While he dived into the canvas in the order recommended by video’s, we soon realized we were all over the place. The thing that was missing was the goal. So we want to grow, great. By how much? Without this goal, it was difficult to narrow down the options while creating the canvas. E.g.: Do we need to address more problems? How many more customer segments should we go after?

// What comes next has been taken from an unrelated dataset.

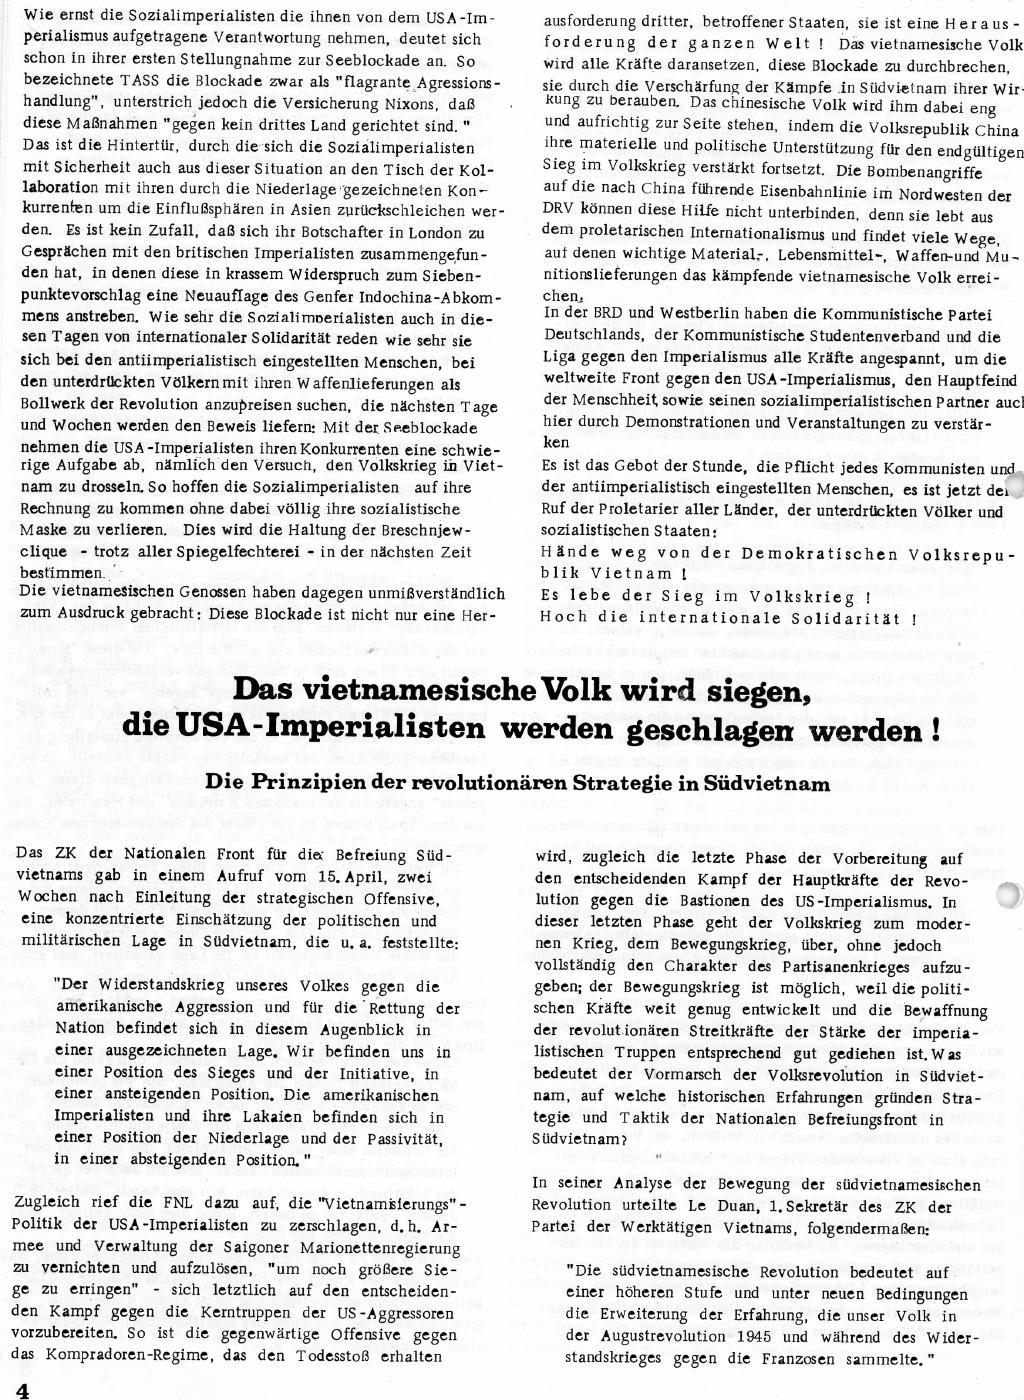 RPK_1972_167_04

Existing customers and/or new customers?
Without the goal, this was the other problem we debated. Should we have new offerings to our new customers or should we go after new ones? Or both. One could in theory achieve a reasonable revenue goal, by tailoring their offerings to their existing customer base. Of course most of the time, you would want to go after new customers, however, that is not easy nor a cheap proposition. But if you know that is the best way to achieve your goal, then customer acquisition cost is an investment one must make.

Customer segment
Was bit of a struggle. We could go very broad, like Agriculture or get very narrow, agriculturist in my backyard. Finding the right bucket is important. So it could to be a combination of a particular field and scale. E.g.: Agro companies who’s revenue is $200-250 million. Typically a company is already working with customers of a particular scale. That is a good starting point.

Actionable Metrics
While Dave McClure’s pirate metrics (AARRR) provide a good measure of the entire value stream of a startup, a little bit more detail may be required for service based companies acquiring new customers due to the longer feedback cycle. E.g.: We may have to use the customer acquisition lifecycle states (Suspect, lead etc.) while we are working on lead generation. Important thing is, to use just enough detail that is helpful and not add metrics for sake of metrics. The other important thing is to use the classical sales funnel metrics with cohorts for reporting metrics. Here is why.


Revenue and solution offerings
When we got to the revenue section of the canvas, the discussion generated a lot of great solution offering idea’s. In retrospect this seems obvious, as, we all wear our innovator hat when thinking of solutions, however when it does come to revenues that is when we have to make a real connection between solutions and what our customers may find useful and viable. It may be worthwhile to try doing the solution offerings section along with the revenue section of the canvas.

Problem statement
If you are an existing services company (which was in this case), you already have a pretty good idea about the problems your customers are facing. So it’s possible you can conduct problem interviews even before creating your canvas. This can give a real leg up on the proceedings. However, you still would want to spend some time working on the problem statements especially if you are going after new customers as the problems they have may not be same as the ones your existing customer have. A bonus from this exercise is a chance to ask your existing customers, what are the key problems they face. They may surprise us by highlighting things we never thought about.

We have conducted a few rounds of our problem hypothesis interviews and analyzed our validation metrics. It’s already invalidated some of our hypothesis, which if we did not do this exercise we would have used as a basis for creating solution offerings which no one would have bought.